Baru ketika itu Narendra terpikirkan tentang kemungkinan tersebut ke depannya.
Setelah menimbang banyak hal, akhirnya ia menyetujui usulan Milla dan mengajukan diri untuk menyampaikannya pada Gala sekaligus Alan.
Meyakinkan kedua pria dewasa itu tidak mudah. Apalagi Amora adalah putri tunggal Alan yang tidak pernah tinggal di luar kediaman Wajendra dalam kurun waktu yang lama, sampai terhitung tahunan.
Status keduanya yang masih bertunangan, belum menikah, juga menjadi pertimbangan serius.
Lebih lagi, sudah dari awal Narendra menyampaikan intensiya mencari dua unit apartemen yang bersebelahan dan menambah satu pintu penghubung antar-unit di dalamnya.
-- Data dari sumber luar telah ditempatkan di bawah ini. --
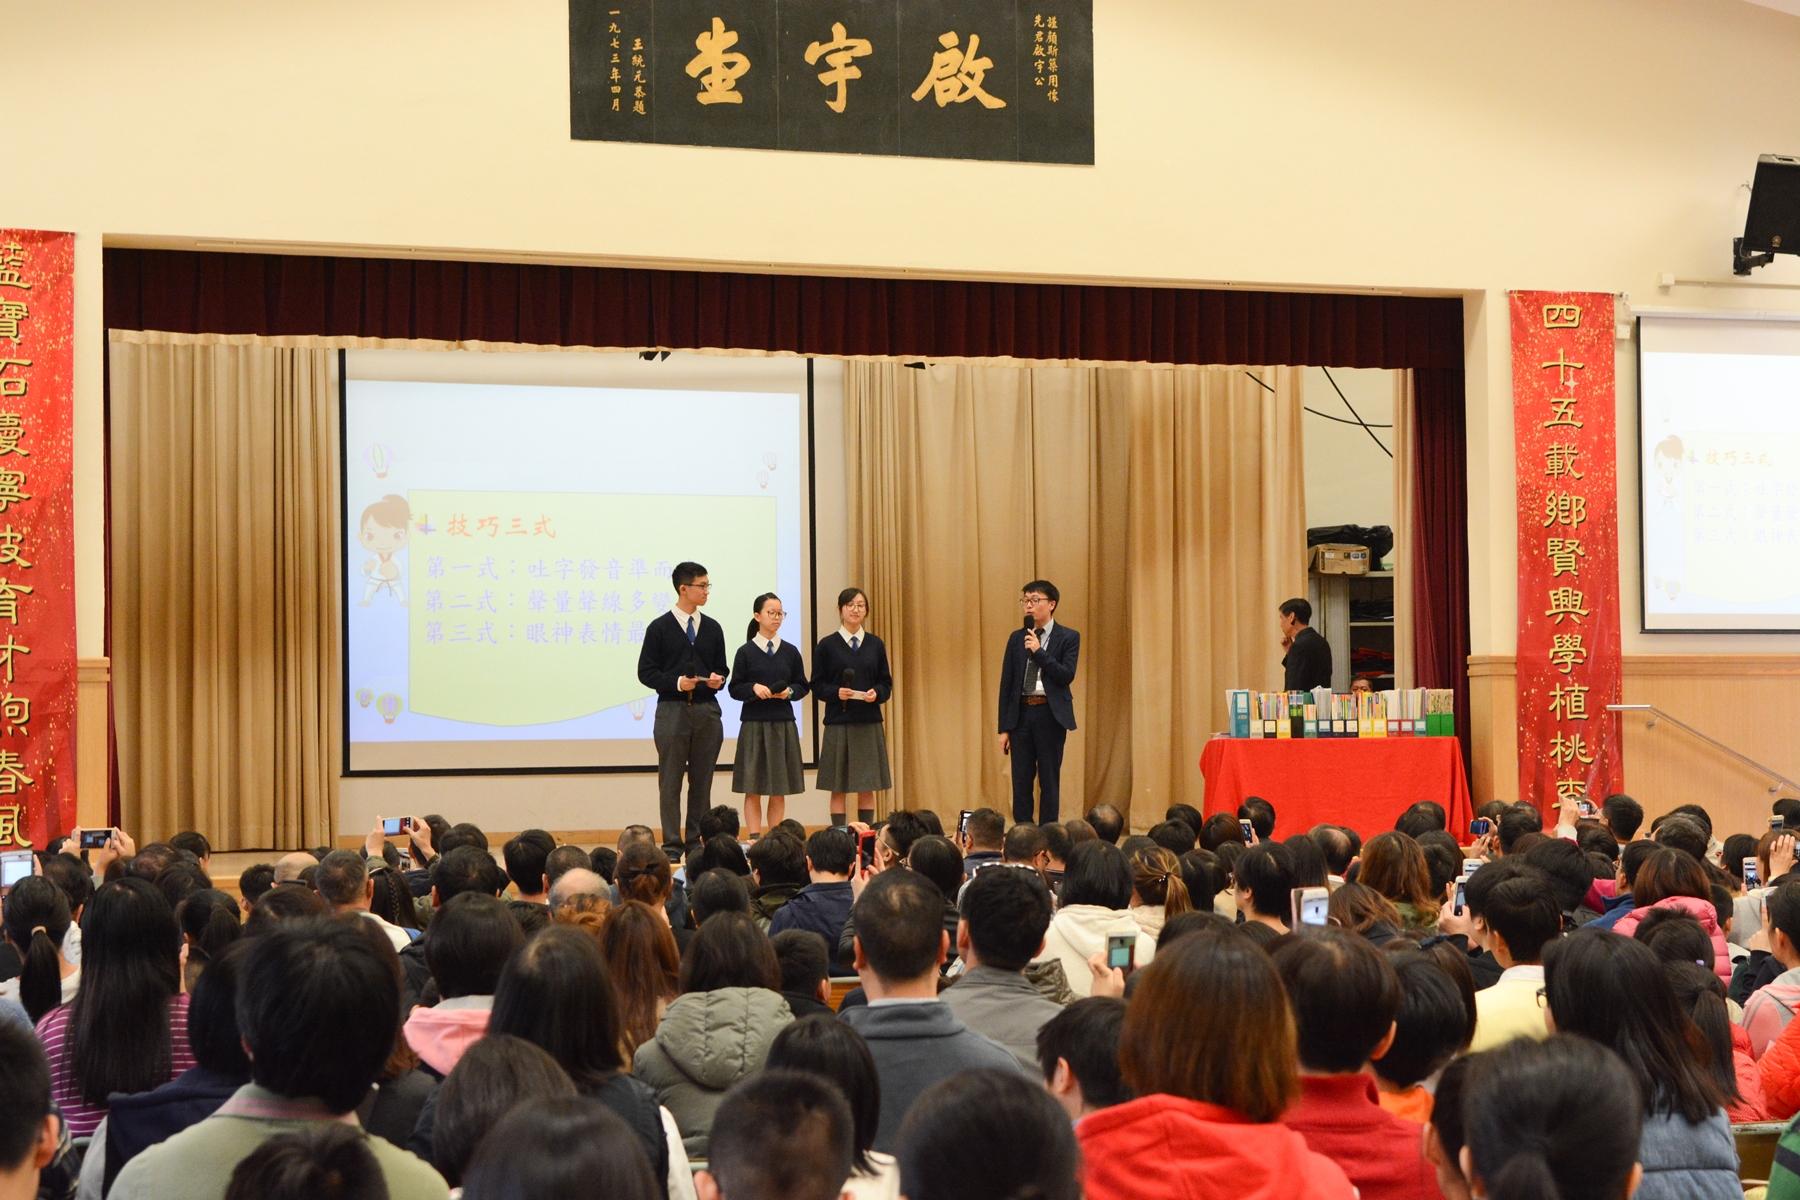 http://www.npc.edu.hk/sites/default/files/13_128.jpg

"Kamu bisa saja berjanji pada saya untuk menjaga batas di antara kalian selama tinggal di apartemen," ucap Alan kala itu, menatap Narendra lurus-lurus.
"Tapi, Naren. Kalau hanya sebuah janji, semua laki-laki di dunia ini pun sanggup melakukannya," Alan mengurai tangkupan tangannya di depan wajah dan bersandar pada punggung kursi.
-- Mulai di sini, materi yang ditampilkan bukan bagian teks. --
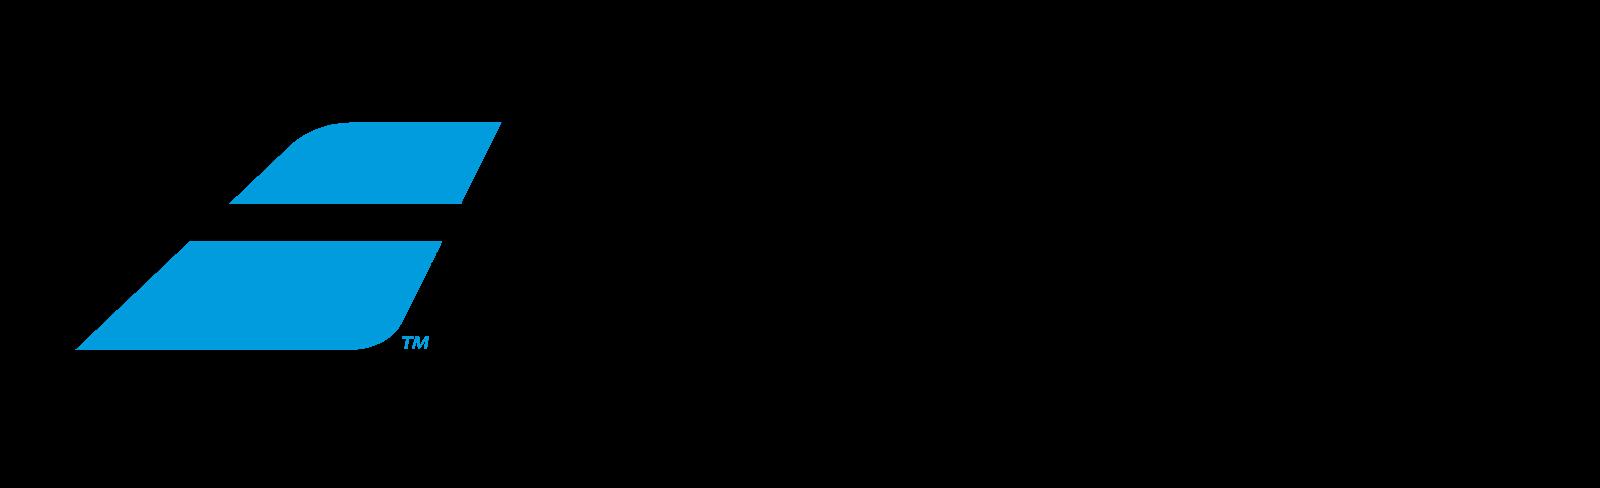 Patrocinador principal: BABOLAT

Ruang kerja milik Gala tempat mereka berkumpul waktu itu dipenuhi oleh aura berat yang datang dari Alan juga papa Narendra.
Ditatap sedemikian rupa, serta dituntut untuk menghadirkan sebuah pembuktian akan kesungguhan ucapannya, Narendra nyaris gentar. Bibirnya sudah kering dan tangannya berkeringat dingin.
Tapi, di luar gugup yang sedang mendera, Narendra berusaha menampakkan sikap tenangnya yang hampir tanpa cela.
Pemuda itu mengambil napas panjang sebelum memberikan tanggapan atas ucapan Alan sebelumnya.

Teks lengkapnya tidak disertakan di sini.